Kedem Eynat, Shahar Eduardo, Hassoun Gamal, Pollack Shimon
Institute of Clinical Immunology, Allergy and AIDS, Rambam Health Care Campus, Haifa, Israel.
J Asthma. 2010 Sep;47(7):830-1. doi: 10.3109/02770903.2010.485666.
Iatrogenic Cushing's syndrome (CS) is caused by exposure to glucocorticoids and may be promoted by interaction with additional drugs. It is well known in asthmatic human immunodeficiency virus (HIV)-infected patients treated with inhaled fluticasone with ritonavir-containing antiretroviral regimen (cART).
The authors present an asthmatic HIV-infected Ethiopian woman, treated with fluticasone/salmeterol, commencing cART with tenofovir, emtricitabine, and lopinavir/ritonavir. During 7 months she gained 9 kg and hyperpigmentation, mild edema, marked abdominal striae, and increase in blood pressure were noted. Plasma am and urine free cortisol levels confirmed CS diagnosis and fluticasone was discontinued. Complete resolution of CS occurred within 2 months. However, frequent asthma symptoms required resumption of inhaled corticosteroid (ICS) treatment, and budesonide/formeterol was prescribed. Soon reemergence of symptomatic CS was noted. Ritonavir dose was halved, but CS symptoms continued to develop. Budesonide was stopped and montelukast initiated. Resolution of cushingoid symptoms was observed within weeks.

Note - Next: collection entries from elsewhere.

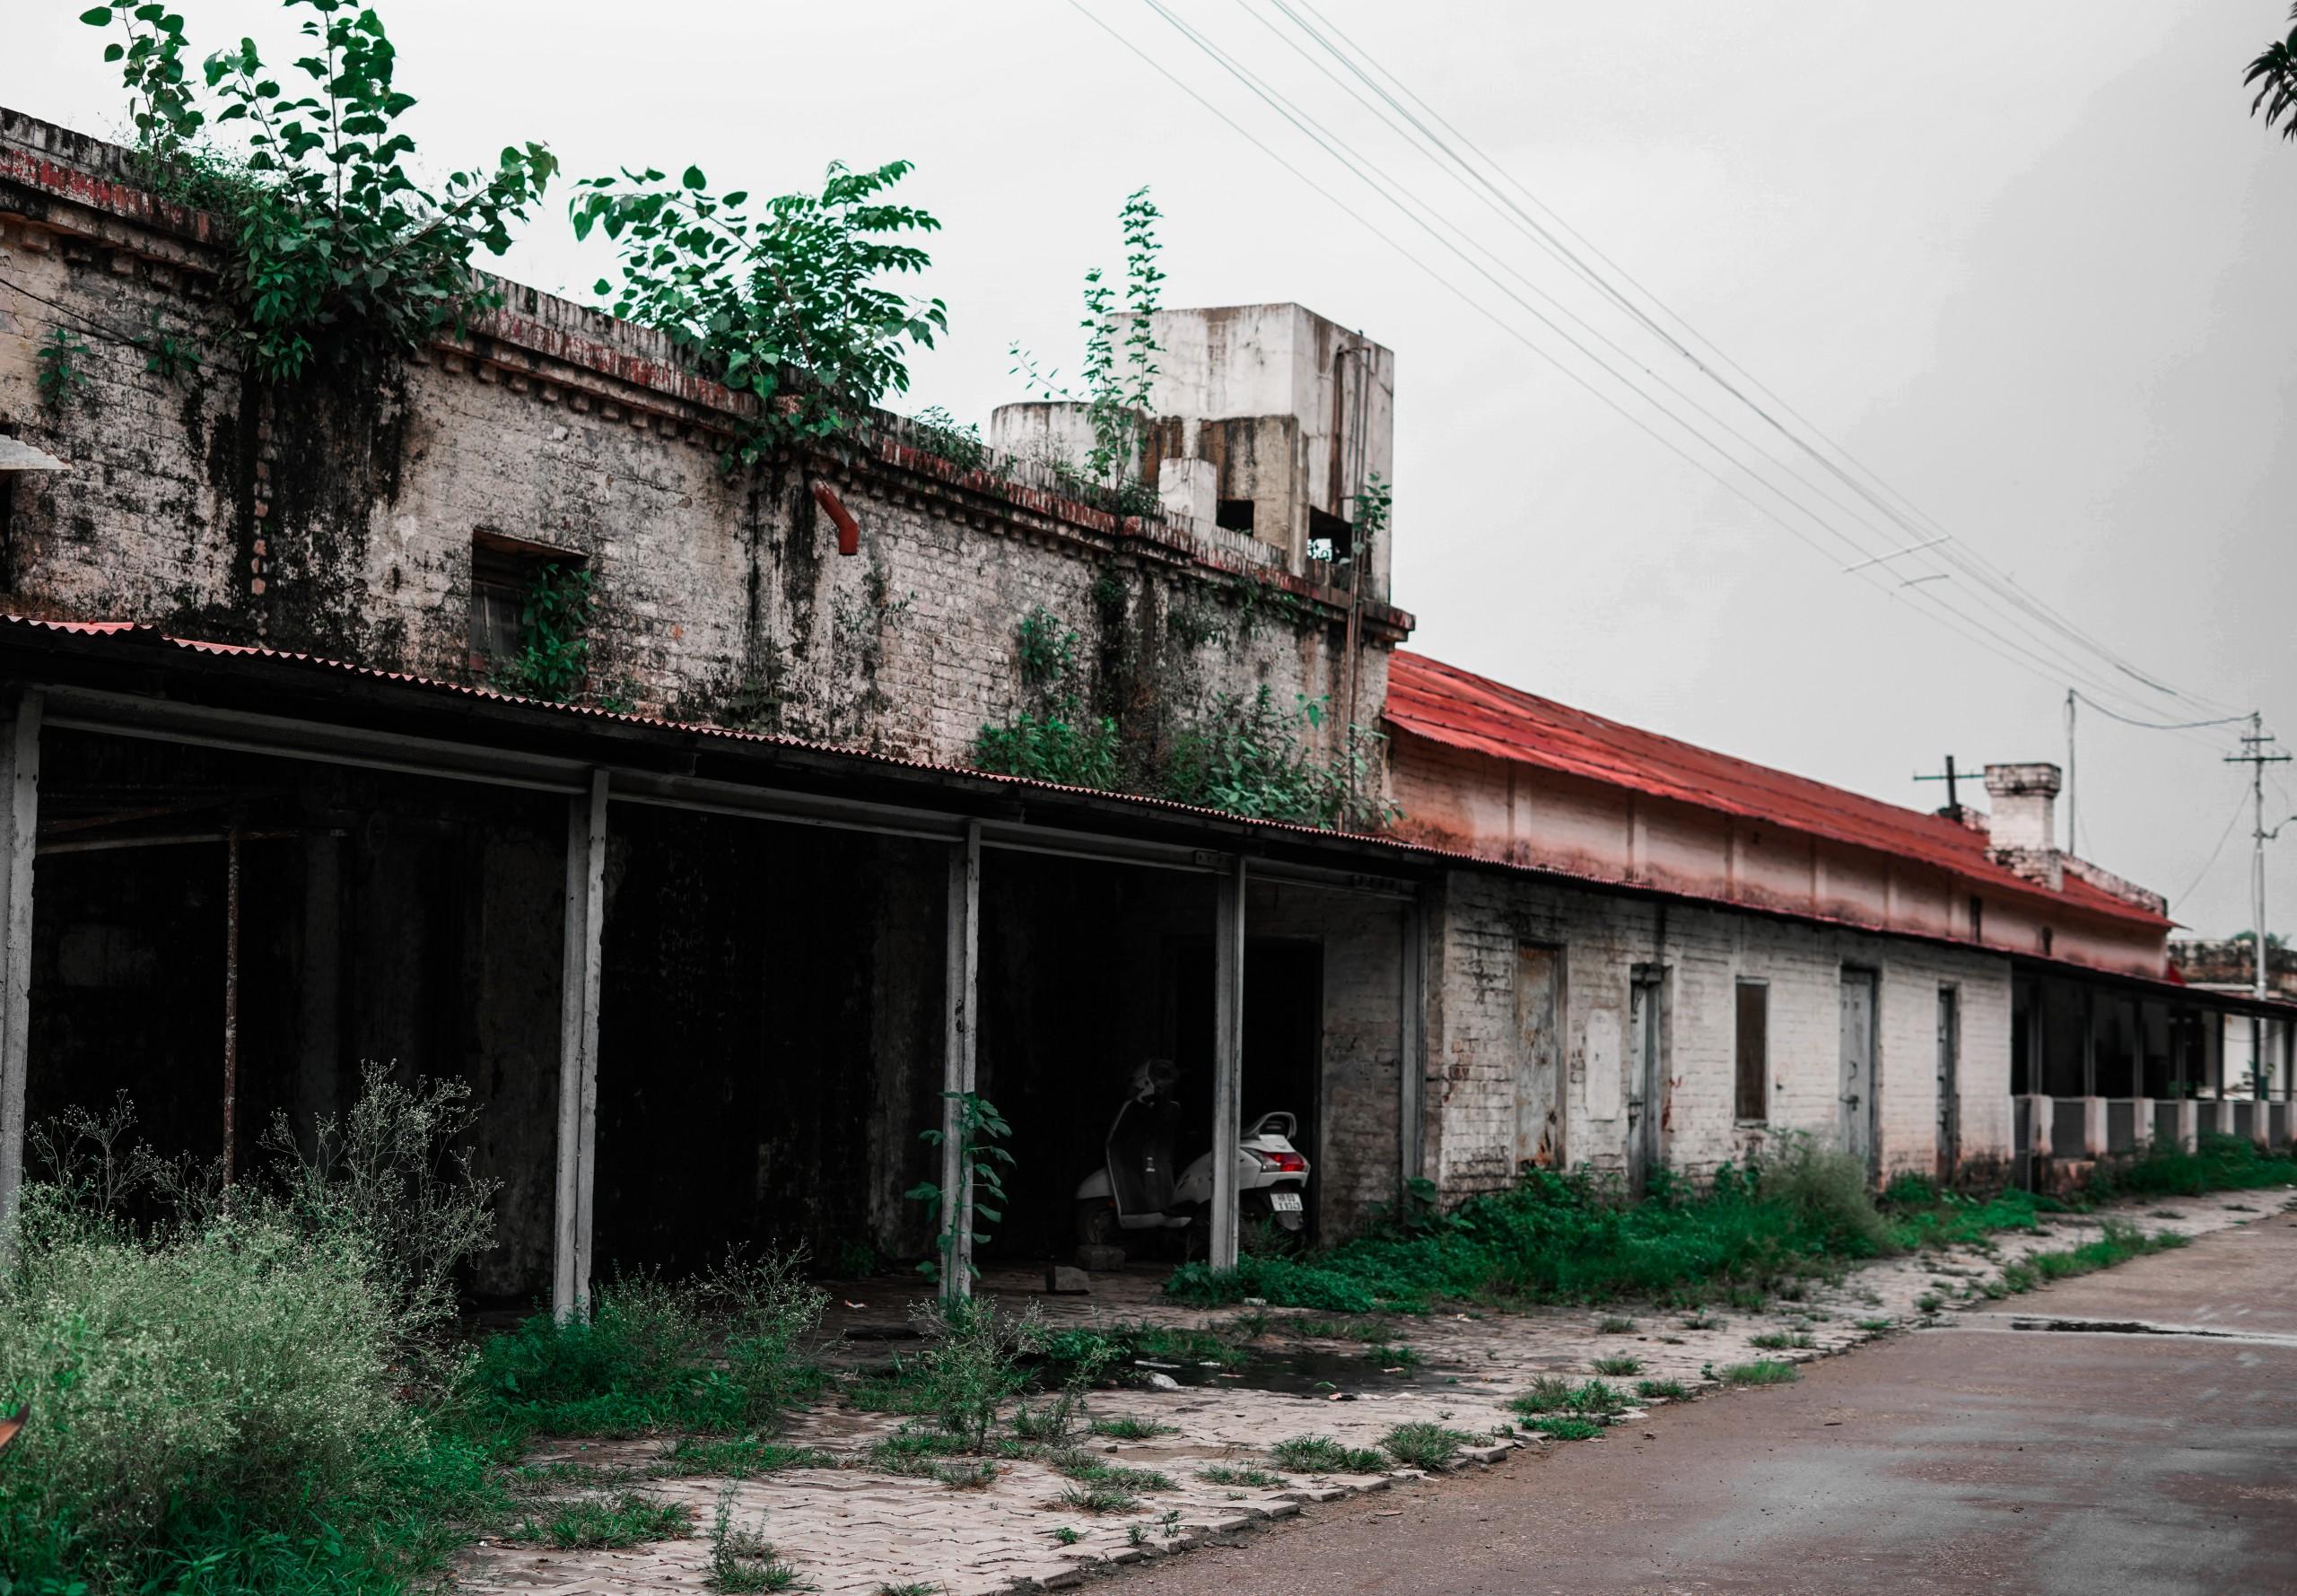 Railway Employee's Houses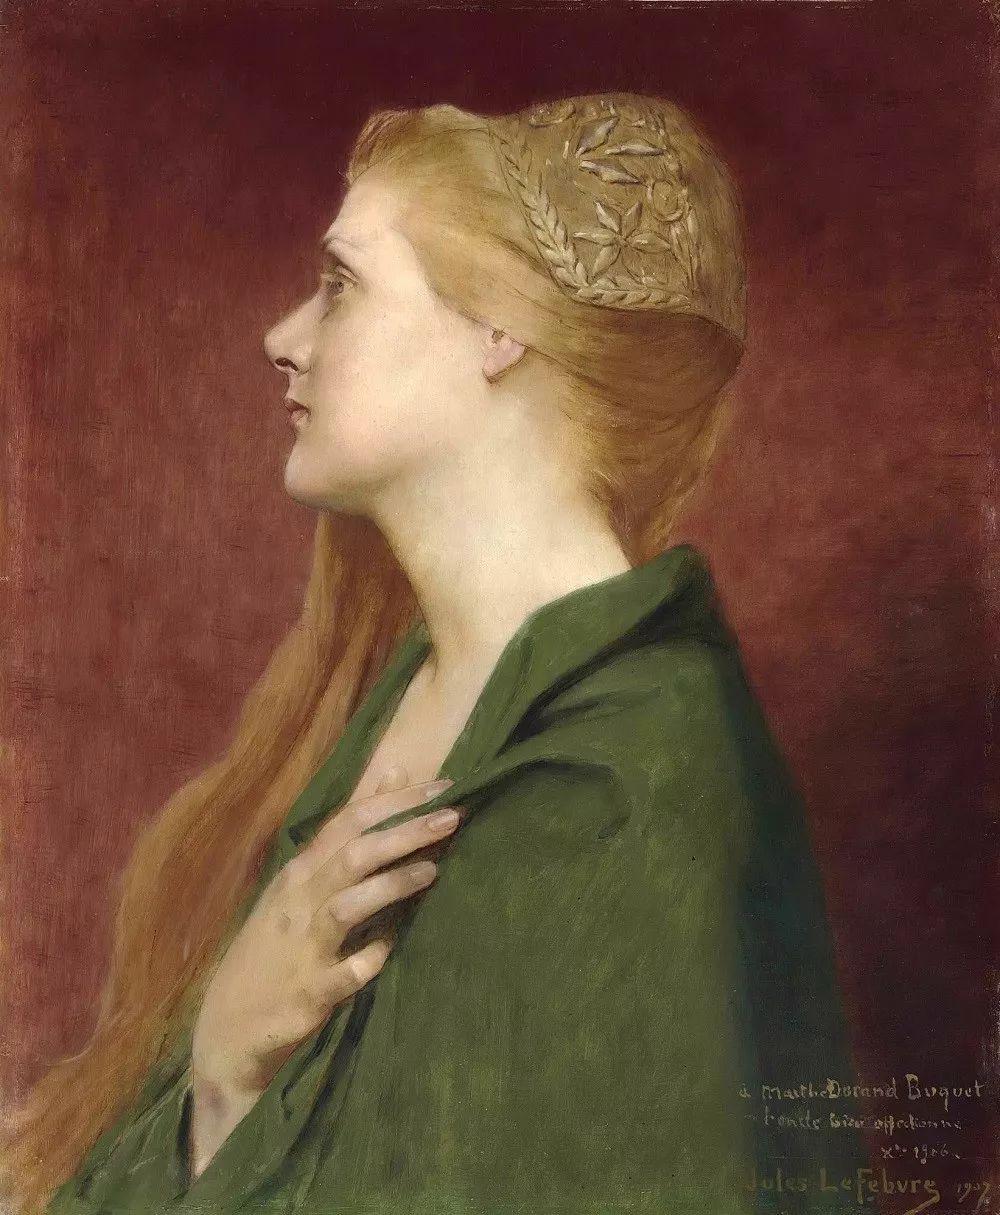 对不起,你的人像作品美到我了!法国学院派画家Jules Joseph Lefebvre插图45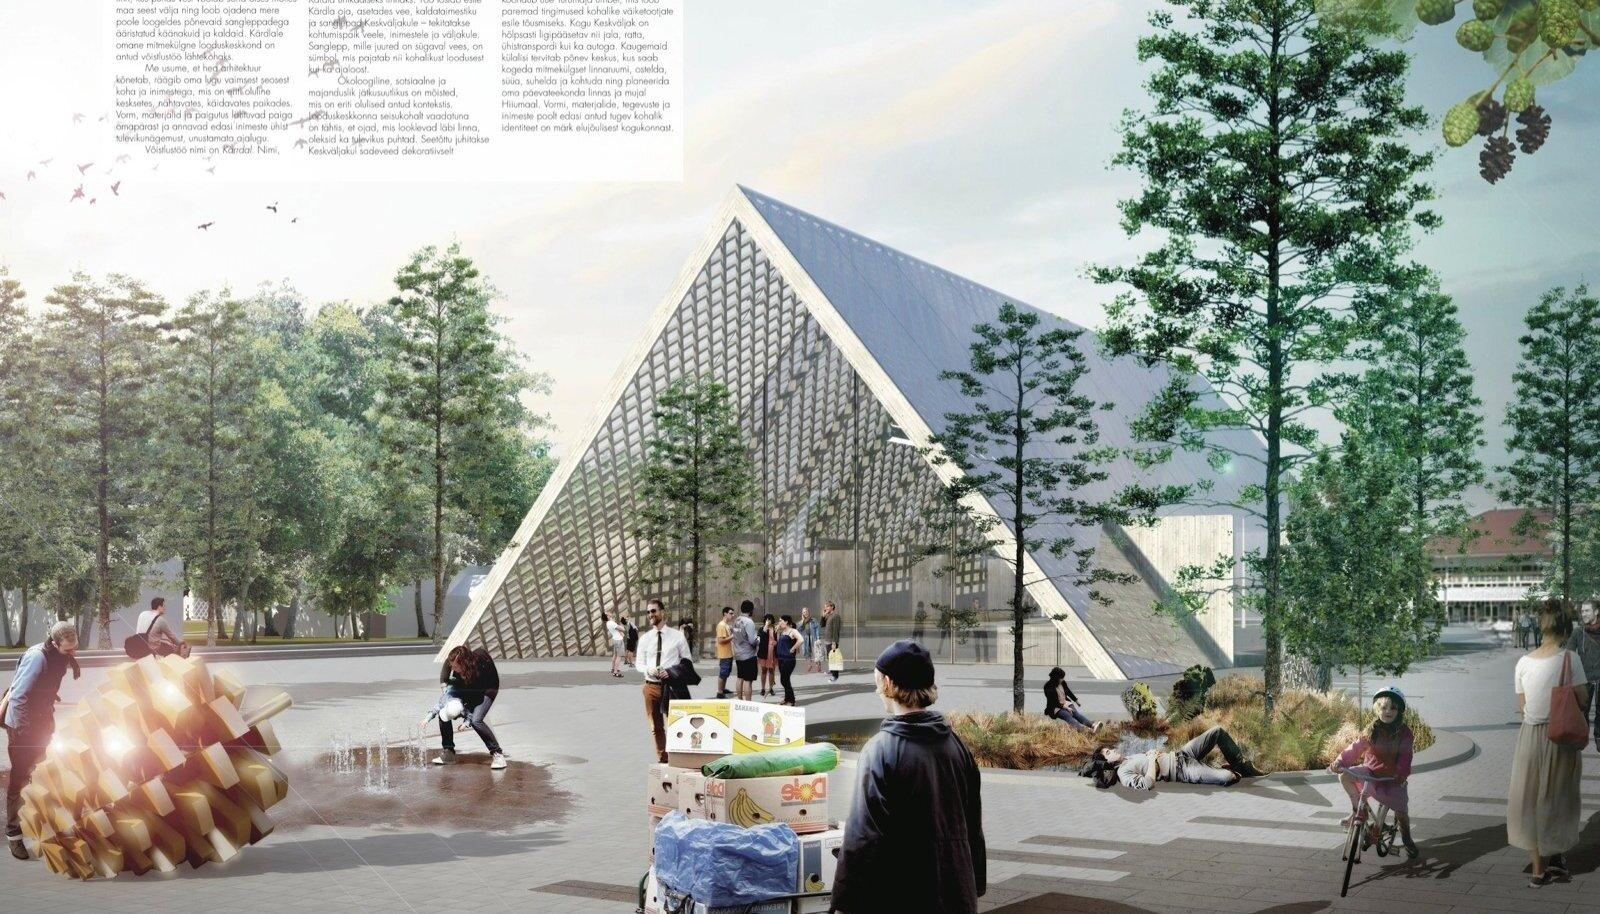 """Kärdla võidutöö """"Kärrdal"""", maastikuarhitektuuribüroo Mareld ja arhitektuuribüroo Bornstein Lyckefors. Keskväljakule annavad iseloomuliku ilme kolmnurkne turuhoone, lepapuud, veesilm ja hiiglaslik lepakäbi."""

Corticosteroids are metabolized by cytochrome P450 3A4 (CYP3A4). Fluticasone has the longest glucocorticoid receptor-binding half-life and is 300 times more lipophilic than budesonide. Inhaled fluticasone possesses a high suppression rate of hypothalamic-pituitary-adrenal axis. Ritonavir, a potent CYP3A4 inhibitor, may inhibit corticosteroid degradation and increase its accumulation. Inhaled budesonide is less likely to cause adrenal suppression. Diagnosing Cushing's syndrome presents a clinical challenge due to similarities with clinical manifestations and side effects related to cART. In patients treated with inhaled or intranasal corticosteroids together with cART there may be a higher incidence of iatrogenic CS. CS should be looked for, and management considered carefully.
医源性库欣综合征(CS)由接触糖皮质激素引起,可能因与其他药物相互作用而加重。在接受吸入性氟替卡松联合含利托那韦的抗逆转录病毒疗法(cART)治疗的哮喘合并人类免疫缺陷病毒(HIV)感染患者中,这一情况已为人熟知。
作者介绍了一名患有哮喘的HIV感染埃塞俄比亚女性,她接受氟替卡松/沙美特罗治疗,并开始使用替诺福韦、恩曲他滨和洛匹那韦/利托那韦进行cART治疗。在7个月内,她体重增加了9千克,出现了色素沉着、轻度水肿、明显的腹部条纹和血压升高。血浆上午和尿游离皮质醇水平确诊为CS,遂停用氟替卡松。2个月内CS完全缓解。然而,频繁的哮喘症状需要恢复吸入性糖皮质激素(ICS)治疗,于是开具了布地奈德/福莫特罗。很快,有症状的CS再次出现。利托那韦剂量减半,但CS症状仍持续发展。停用布地奈德并开始使用孟鲁司特。数周内观察到库欣样症状缓解。
皮质类固醇由细胞色素P450 3A4(CYP3A4)代谢。氟替卡松具有最长的糖皮质激素受体结合半衰期,亲脂性比布地奈德高300倍。吸入性氟替卡松对下丘脑 - 垂体 - 肾上腺轴具有较高的抑制率。利托那韦是一种强效CYP3A4抑制剂,可能抑制皮质类固醇降解并增加其蓄积。吸入性布地奈德致肾上腺抑制的可能性较小。由于与cART相关的临床表现和副作用相似,诊断库欣综合征面临临床挑战。在接受吸入或鼻内皮质类固醇联合cART治疗的患者中,医源性CS的发生率可能更高。应留意CS并谨慎考虑治疗方案。